The same feeling continues throughout the lobby. From chandeliers to European paintings to a grand piano being beautifully played, we wanted to linger even though check-in was as efficient as expected.
The hotel has 291 well-appointed rooms including four suites, two Japanese-style keys and two Western-style offerings. Going for a rich mix of European finishings, guests enjoy plush sofas, carpets and drapes that frame city views, many of nearby bustling Osaka Station.
Expect sumptuous bedding, plentiful minibars with espresso makers and tasteful marble bathrooms – with the latest Japanese washlets, of course – and amenities from Asprey. No need to pack pyjamas for your stay, either, The Ritz has taken care of that detail, providing starched white classic men’s style pyjamas in guest rooms. We enjoyed an early morning laze in our hotel pyjamas with an espresso, watching the city below come to life.
With indoor and outdoor pools, whirlpool, gym and spa, guests will have no trouble finding healthy ways to pass the time at The Ritz-Carlton Osaka.
When leaving the hotel, a large, well-outfitted corridor runs beneath the building, connecting to both the train station and a high-end shopping centre for convenience in inclement weather.
Hosting a Michelin-starred eatery among a host of other beloved options, guests barely need to leave the hotel to take in the best of the city’s dining. From Japanese fine dining at Hanagatami to the starred La Baie to dimsum at Xiang Tao and all-day dining at Splendido, it’s hard to make a choice here.
The Bar offers not just a 100-entry whisky menu, well-made cocktails, wine and beer, but entertainment as well. With a bit of flair bartending on offer and live music in the evenings, it’s a perfect stop for before or after an evening out in Osaka.

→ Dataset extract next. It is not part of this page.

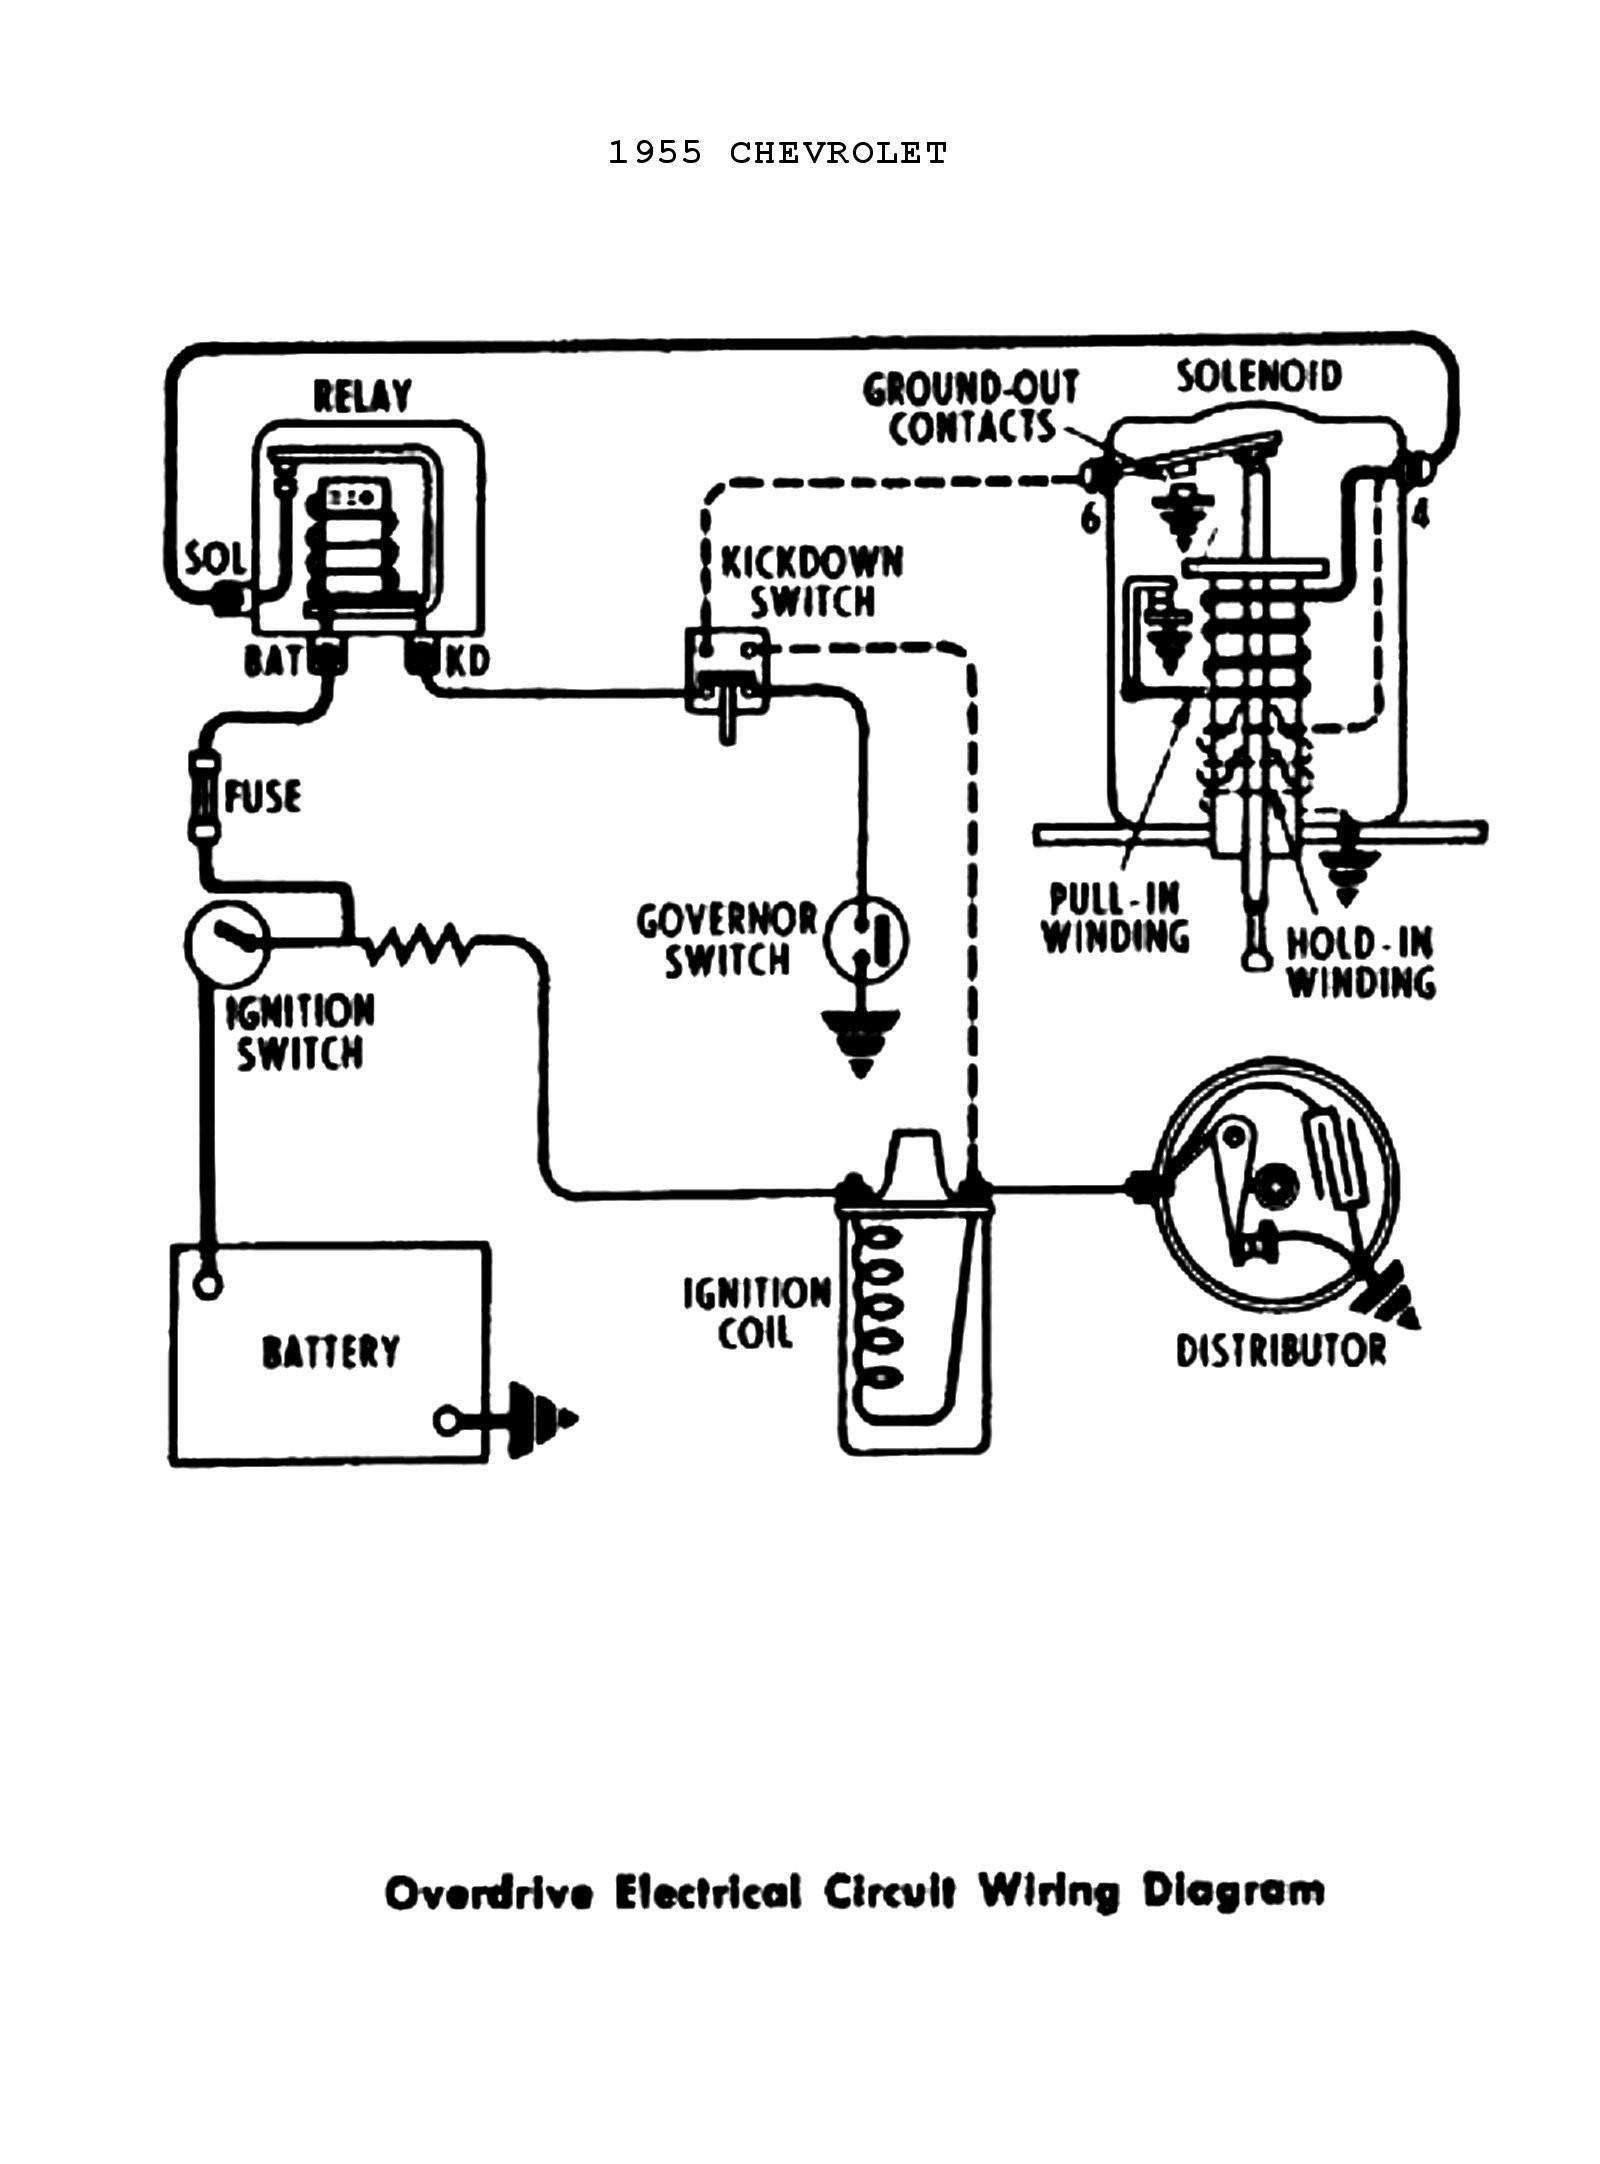 Ignition Coil Wiring Diagram Unique Chevy Ignition Coil Wiring Lawn Mower Ignition Switch Wiring Diagram

For a quieter cocktail, the Lobby Lounge won’t disappoint, but this ground-level offering really shines for English-style afternoon high tea, where we gorged on a tower of decadent cakes, breads and English Breakfast tea. Since we were still in Japan, cupboards lined the walls displaying the tagged bottles of whisky belonging to the lounge’s regulars.
Hanagatami offers a setting inspired by Japanese gardens and chefs that perform live cooking in sushi, teppanyaki, sumibiyaki, kaiseki, and tempura sections of the high-end restaurant. Whereas French offering La Baie, with a coveted 2020 Michelin star, has traditional and inventive menu offerings that go heavy on meat and shellfish and a can’t-miss wine list.
Taking a luxurious Club Suite will net guests a living room with an oversized work desk and cosy living room, many even feature velvet chaise longues by the windows to take in the stunning city skyline.
But the thing that a Club Suite really offers is access to the Club Lounge, a lounge that some have called among the world’s best, offering excellent food and drink and the hotel’s best breakfast options. We were not disappointed by the morning’s repast of smoked salmon, pastries and a la carte offerings, including a sublime truffle omelette.
Whether it’s an innovative conference or a lavish wedding, The Ritz Carlton Osaka shines when it comes to MICE. From the intimate Cricket Room for a group of 12 to The Grand Ballroom with space for 1,500 guests, groups of any size will feel welcome here. They have onsite audiovisual experts and state-of-the-art equipment and can suit a range of dining options and dietary requirements.
Unique offerings here include sushi-making team-building workshops with renowned chefs and Japanese theme parties. They also work with live entertainers that specialise in jazz, opera, gospel and traditional Japanese music to ensure that your event is memorable.
All in all, we’d quickly book another stay at this European gem on our next trip to Osaka.